Ferry from Kragere to Anywhere

Even right by the sea, many of the day’s stages crack the 1000-metre altitude mark. Steep stretches of up to 20 percent, sometimes on gravel, demand everything from us.

Norway and fair-weather cyclists are working on their love for each other. ‘Once Norway, always Norway’ is something we hear more than once from German tourists, mostly traveling in motorhomes. We struggle with the weather, with the ‘simple life’ on campsites, with the ‘happy’ Norwegians. Perhaps Norway is only partially suitable for exploring by bike, the seemingly endless country stretching northwards. Or maybe we are the ones looking for the city and its people? Those who live largely in the dark for months may become strange. Hardly anyone notices us on the road. That has never happened to us in any of the countries we have cycled through. The only people who greet us here are athletes – racing cyclists, joggers, cross-country skiers on roller skis and skaters. That is nice too, of course.
Today we come to a dead end. The path ends in front of a private house with an open window. Maybe someone can help us. A person appears at the window, sees us and closes the window – also a message.

City Hall in Kristiansand
Kristiansand: Picnic in the park
Kristiansand’s Dom

From Kristianssand, the cycle path heads north. Another two hours until it is supposed to rain. Arrival 5 p.m., Bornes Camping. We stay dry. After check-in by the gentleman with typical Norwegian charm, there is the predicted downpour. We spend the evening eating muesli and chocolate in the drying room. There is a house and it is heated. Real luxury for us cyclists. We go through all the possible options for the onward journey: 1) north, 2) east, 3) west or even 4) the ferry to Denmark and from there to Gothenburg and on through Sweden. Endure and persevere. We head north for now.
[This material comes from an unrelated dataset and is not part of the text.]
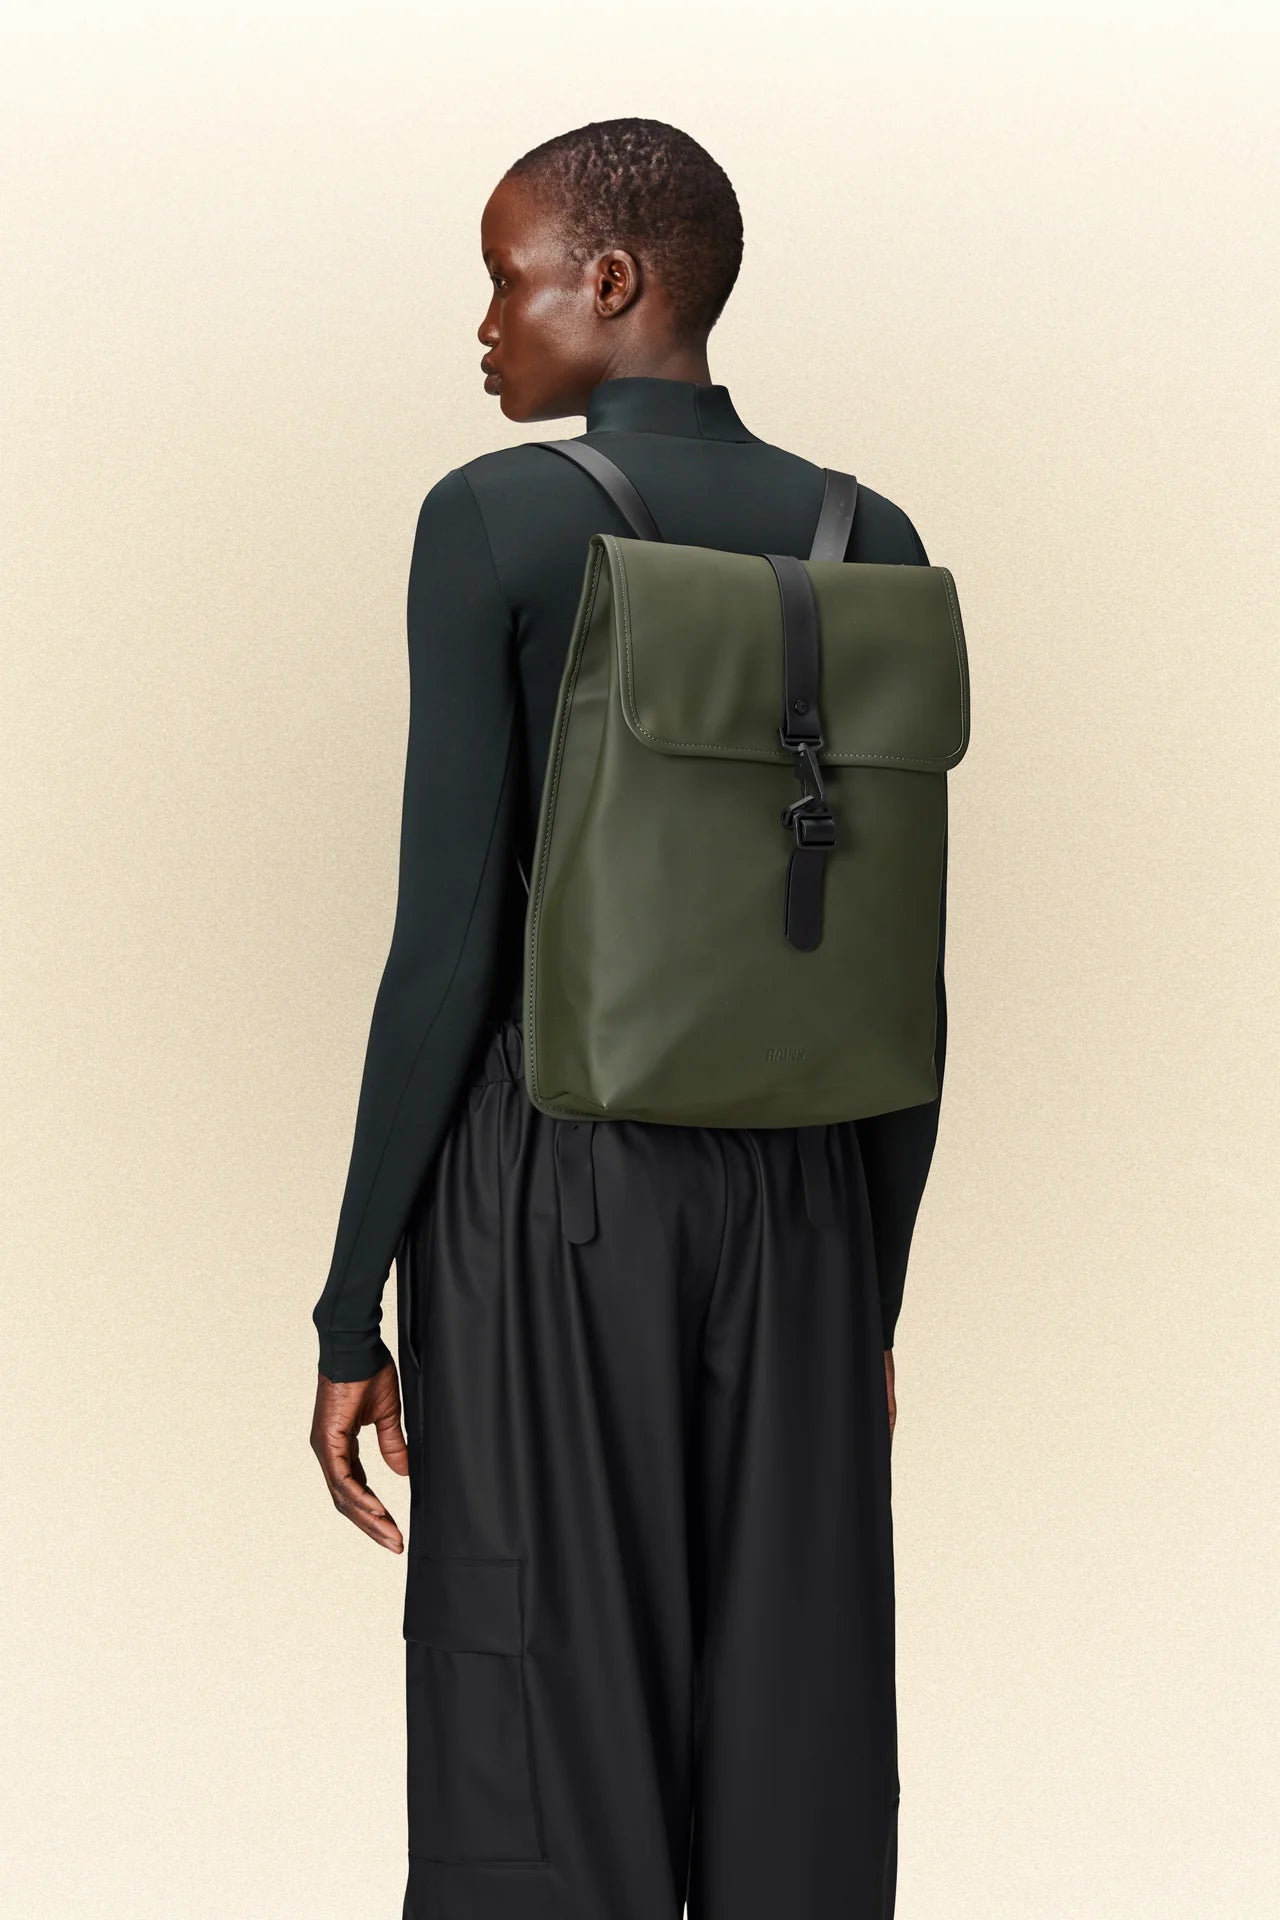 The back view of a woman wearing black pants and a green Rains rucksack with a laptop pocket.
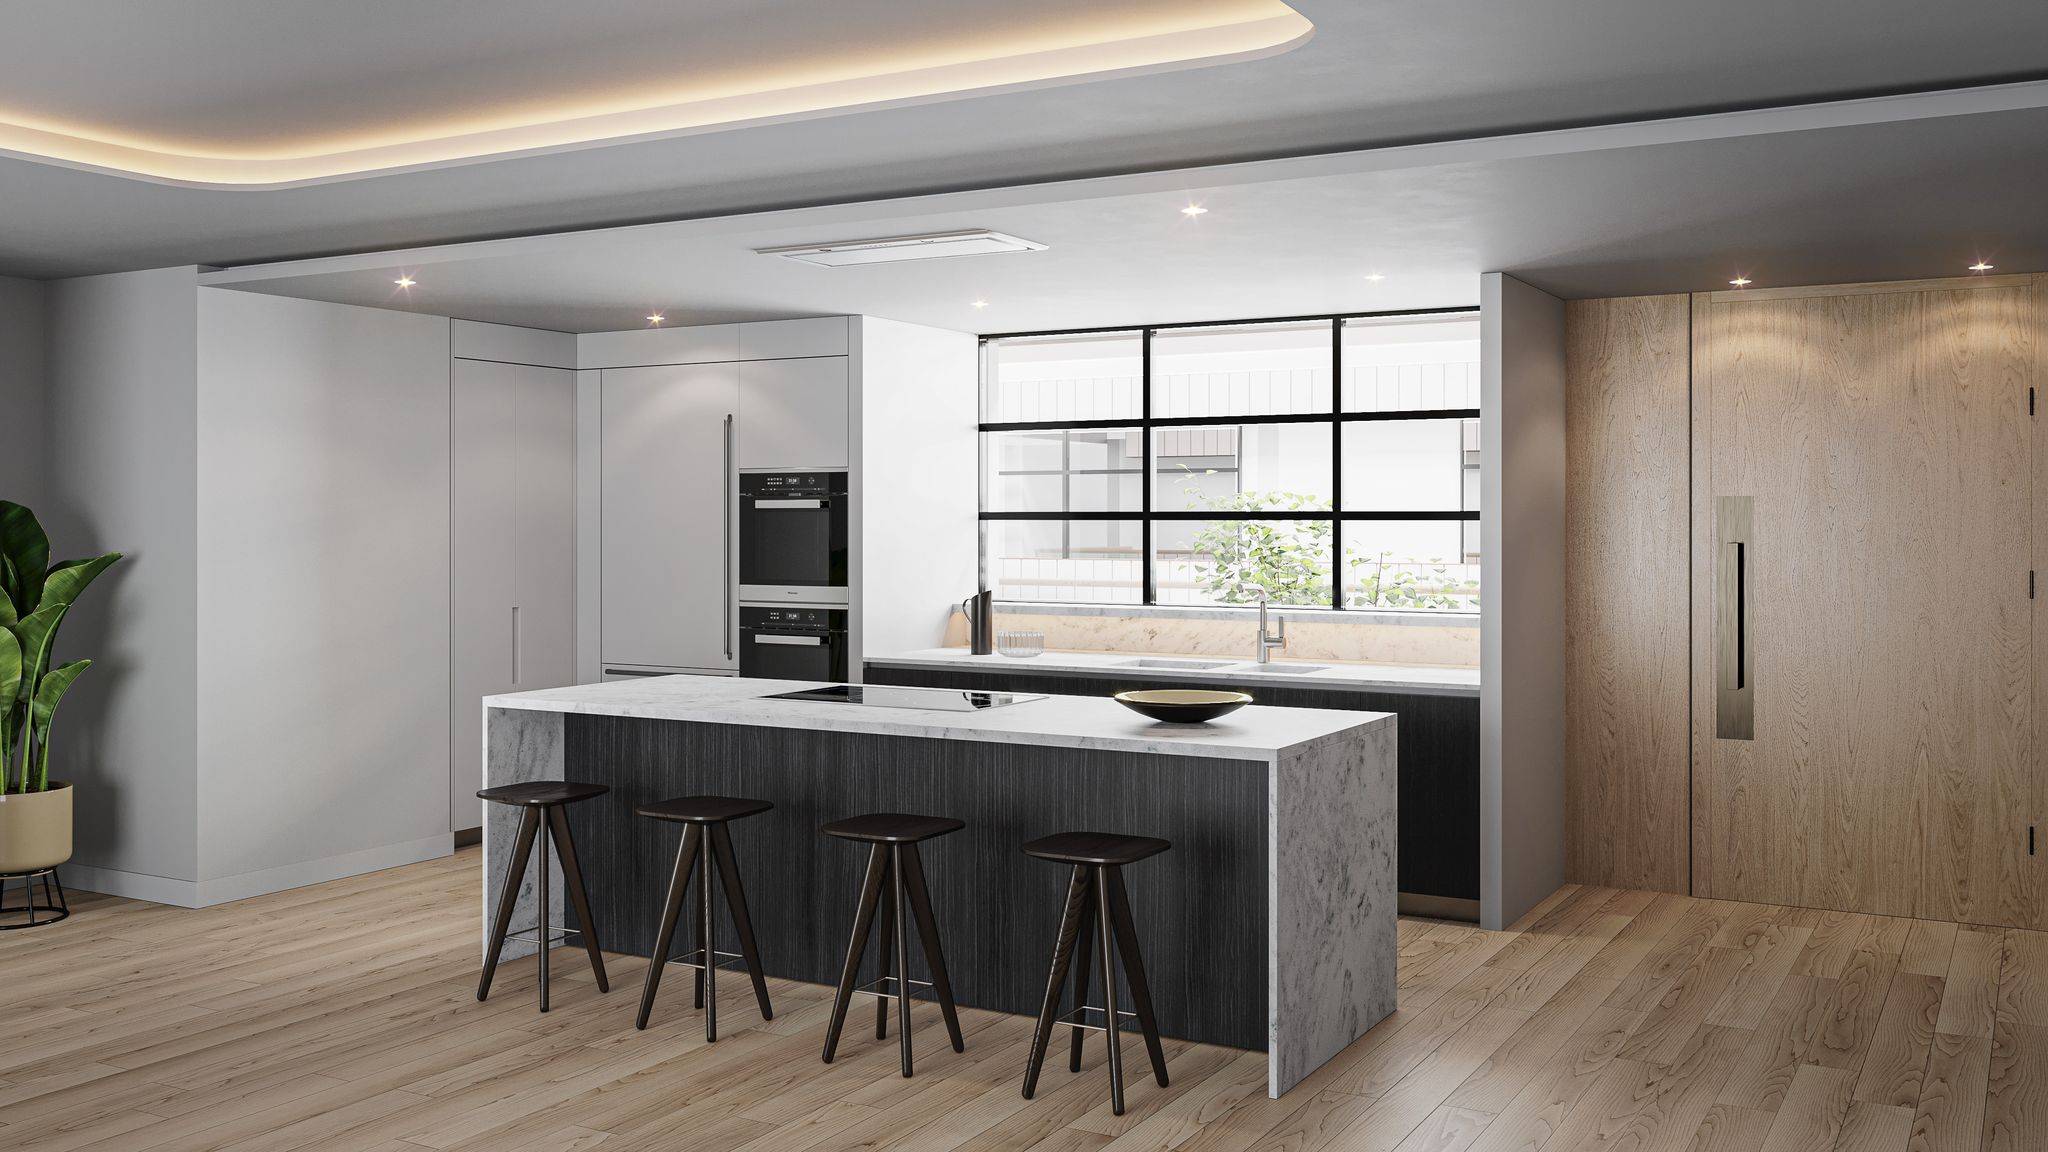 A first-floor two-bedroom, two-bathroom west facing apartment at the highly anticipated Marylebone Square Residences, set to be built in the heart of Marylebone Village.

Finally, our cozy sleeping bags get the appreciation they deserve. In the morning, we pack up the tent wet and cycle on through the beautiful Setlasdal valley, reaching Evje after 25 kilometers, a small Norwegian settlement with a pleasing number of stores. Iron and other ores used to be mined here. The scenery is magnificent. We have breakfast by the river and spontaneously decide to spend the day and night at the campsite not far away: Camping Odden. It is a beautiful spot in the sun and rain. The tent is quickly dried and we stroll through the stores together. There are reindeer skins to buy, souvenirs and something to eat. We go to the library with tourist information to plan the rest of the route.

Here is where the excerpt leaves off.